Newcomer: NASDAQ tells investors the best ways to research stocks before buying

NASDAQ, which stands for “National Association of Securities Dealers Automated Quotations” is the number one screen-based electronic stock market in the US and the second largest in the world in terms of market capitalization. NASDAQ has more trading volumes than any other stock exchange in the world. So when the NASDAQ issues guidance or advice, you need to know.

Recently, NASDAQ has published a report, where they have recommended how investors should conduct detailed research before buying a stock. NASDAQ recommends 12 steps to thoroughly analyze a stock and has named it the NASDAQ Dozen.

What is the NASDAQ Dozen?

NASDAQ Dozen are the 12 steps to research any stock. These steps are,

1. Income

2. EPS or earnings per share

3. ROE or return on equity

4. Recommendations

5. Surprises in earnings

6. Expected growth

7. Income growth

8. The PEG ratio

9. Industry benefits

10. Days to cover

11. Negotiation carried out by persons with inside information of the company or inside information

12. Measurement of the rise or fall of the shares, or the weighted alpha

Here is a detailed explanation from the NASDAQ Dozen for analyzing a stock.

Income – This is quite simple and refers to the income earned by the business.

EPS – EPS or earnings per share is a mathematical calculation that is arrived at by dividing the company’s profit by the total number of shares. The BPA of a good stock is always high, but also check if the BPA is going up or not.

ROE: total profit or loss after taxes and interest, and divided by stockholders’ equity. NASDAQ recommends those stocks where ROE has increased for at least the last two years.

Recommendations – What do the experts say about this action? Since they are investigating all the time, it makes sense to find out.

Profit Surprises: Results are announced each quarter and analysts will always predict earnings or EPS for the next quarter. Now if you find that the actual EPS is higher than predicted, then you can conclude that this is a good stock to buy.

Forecast Growth – While it’s important to know past earnings, you should also know what the experts are saying about future growth prospects.

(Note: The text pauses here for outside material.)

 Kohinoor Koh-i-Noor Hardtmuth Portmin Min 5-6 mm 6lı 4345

Earnings Growth – This is a projection of expected earnings growth over the next 5 years according to equity analysts.

PEG ratio: the ratio is obtained by calculating the share price, the EPS and the expected growth of the company. NASDAQ is asking investors to choose those stocks in which the ratio is less than 1.

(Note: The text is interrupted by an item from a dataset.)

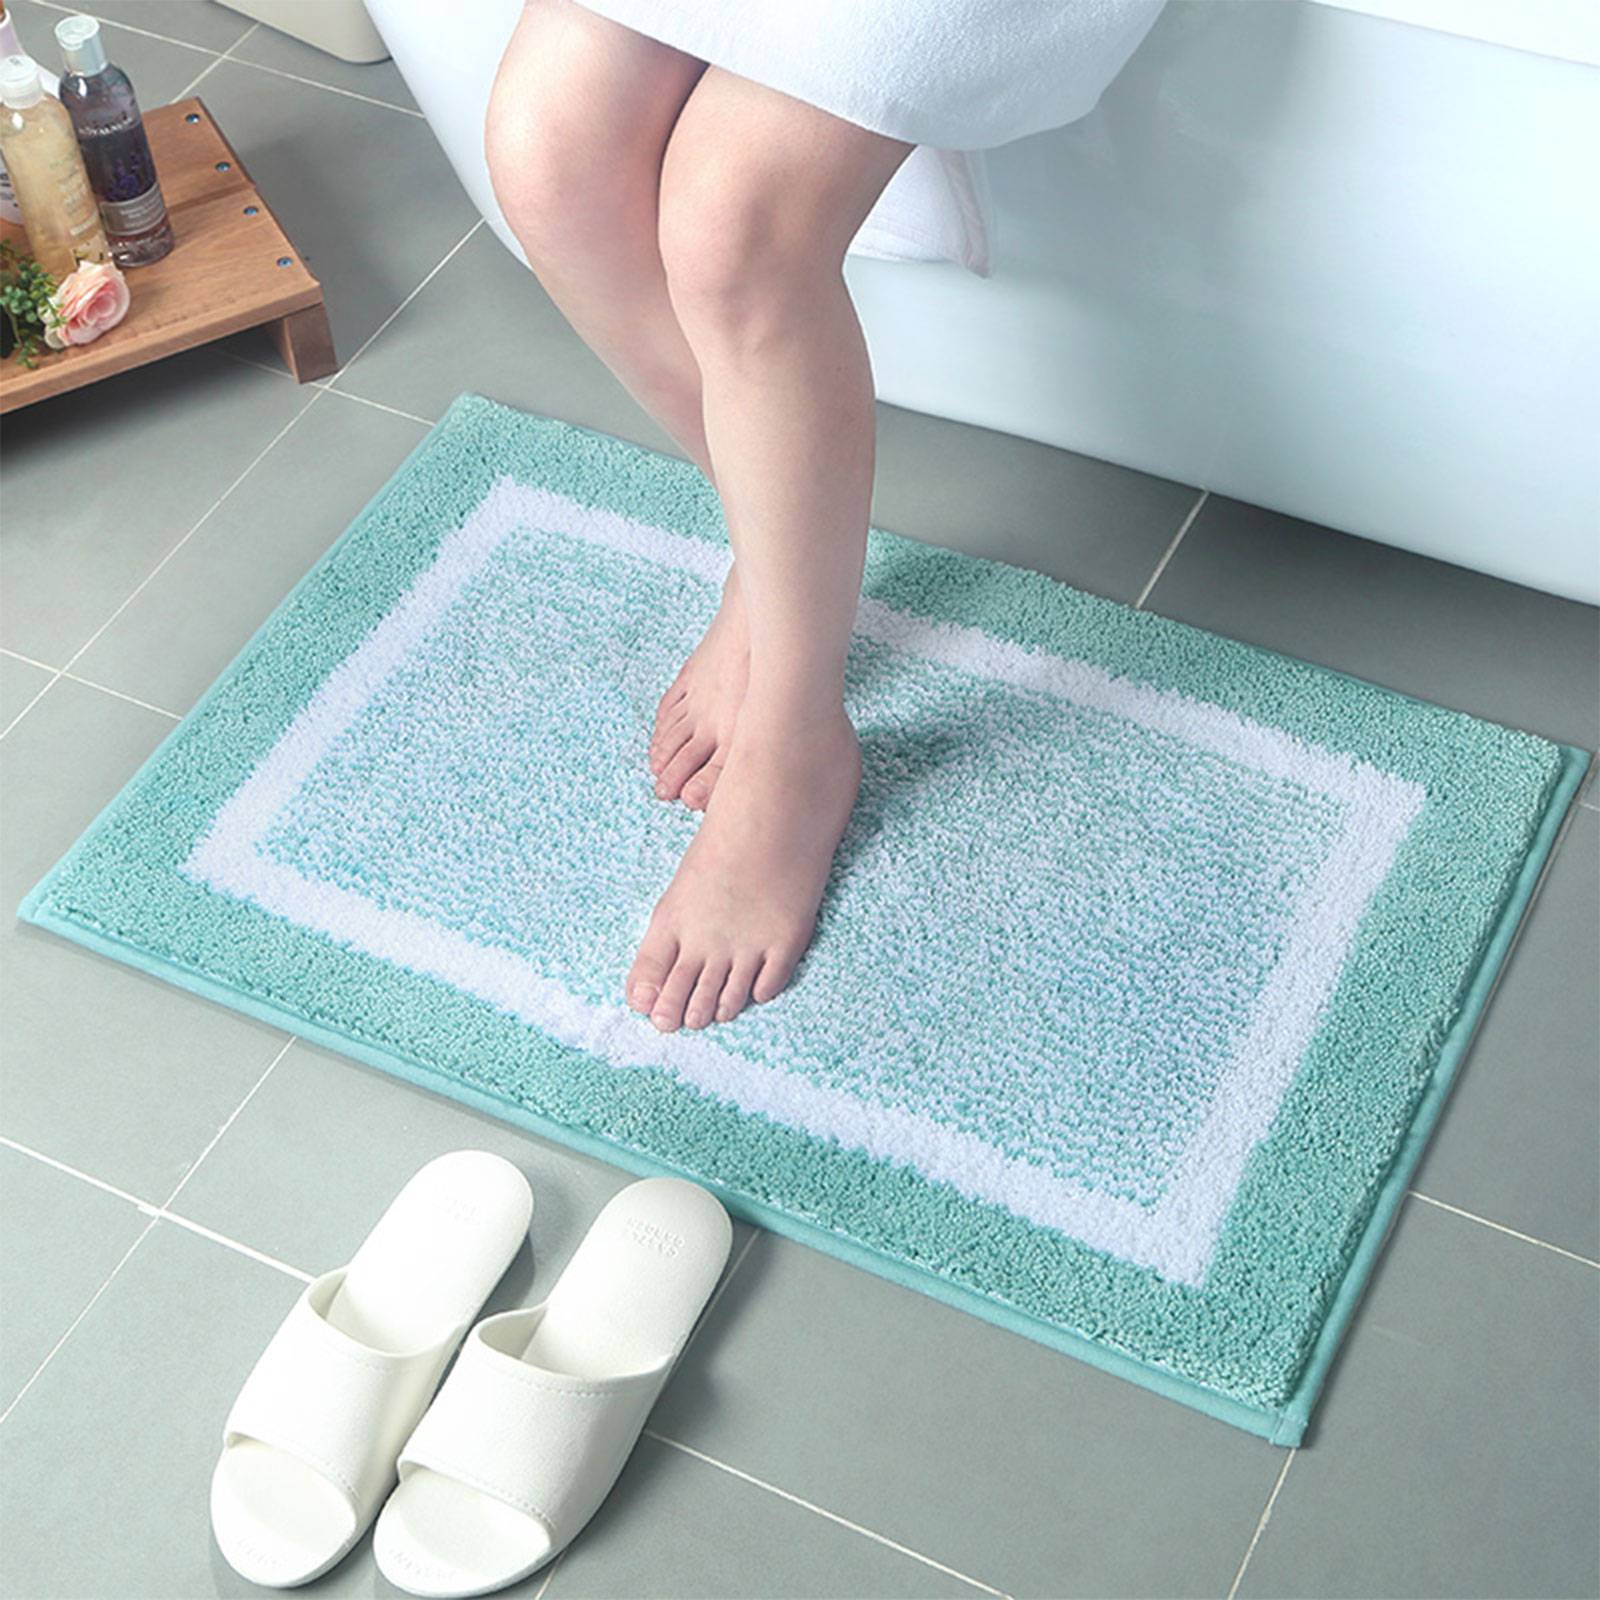 Противоскользящий коврик в ванну: плюсы и минусы

Industry Profits – Company earnings should be compared to other companies in the industry to get an overall picture. If you find that the company is doing better than the industry average performance, then you should go ahead and pick it up.

Days to cover: How many days will it take for short sellers to hedge their positions? Of course, this should be based on the trading volumes of the shares.

Insider Trading – An analysis of whether company members are buying shares or not. If the managers are confident, they will buy the shares themselves.

Weighted Alpha: This is an assessment of the rise or fall of the stock over time.